Laser Shock Wave Assisted Patterning on NiTi and NitiHf Shape Memory Alloy Surfaces

Shape memory alloys (SMAs) are a unique class of smart materials that have become of recent interest in engineering, biomedical and aerospace technologies. Here, we report an advanced direct imprinting method with low cost, quick, and low environmental impact to create thermally controllable surface pattern using laser pulses. Patterned micro indents were generated on NiTi (50-50 %) and NiTiHf SMAs using an Nd:YAG laser operating at 1064 nm combined with suitable transparent overlay, a sacrificial layer of graphite, and copper grid. Laser pulses at different energy densities generating pressure pulses up to 10 GPa on the surface was focused through the confinement medium, ablating the copper grid to create plasma and transferring the grid pattern onto the NiTi and NiTiHf surface. AFM, SEM and optical microscope images of square pattern with different sizes were obtained. One dimensional profile analysis show that depth of the pattern initially increased linearly until the optical breakdown of the transparent overlay occurs and dense ionized plasma absorbs and reflects the laser beam.
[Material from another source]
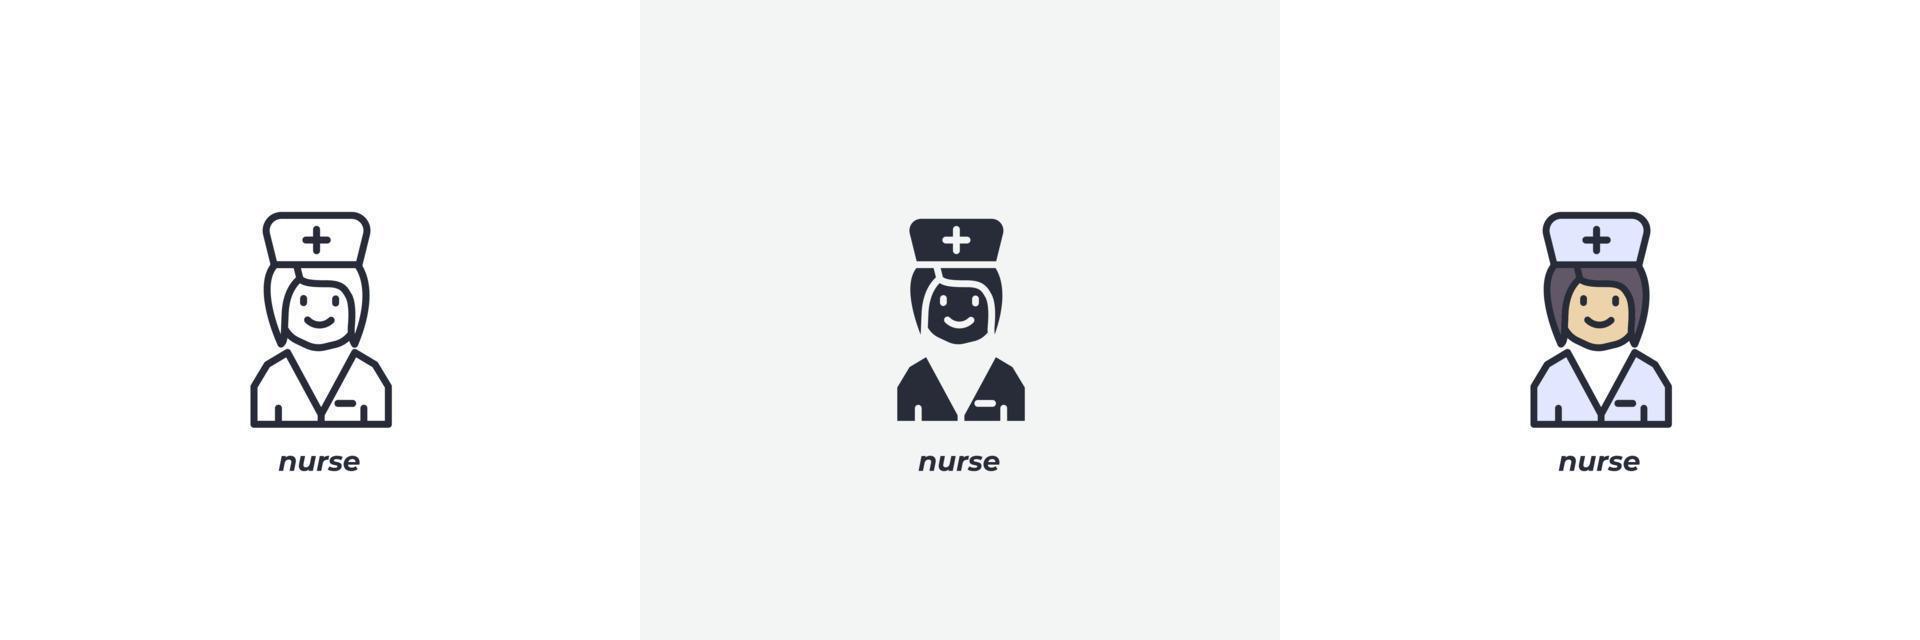 sjuksköterska ikon. linje, fast och fylld översikt färgrik version, översikt och fylld vektor tecken. aning symbol, logotyp illustration. vektor grafik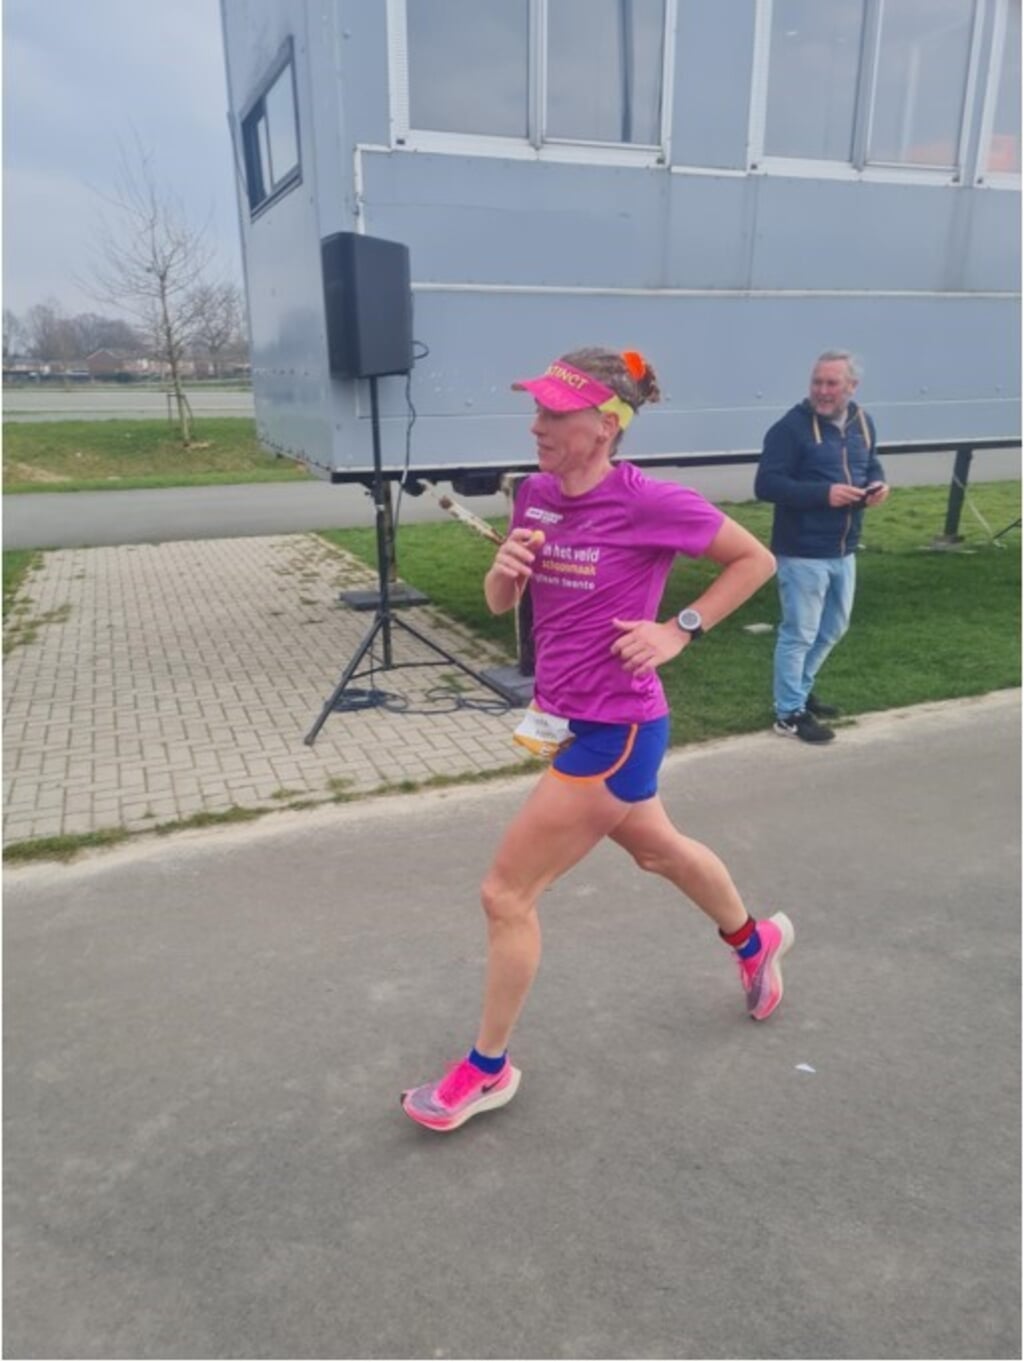 Ondanks dat Arenda Könnecke alleen liep, was haar tempo constant met 13,3 km/u.

Experimental data is in good agreement with theoretical simulation of laser induced shock wave propagation inside material. Stress wave closely followed the rise time of the laser pulse to its peak values and initial decay. Rapid attenuation and dispersion of stress wave was observed. Ongoing experiments on different wavelength and confinement medium conditions and recovery ratio (ratio of depth of cold indent to the depth of the initial indent) will also be presented.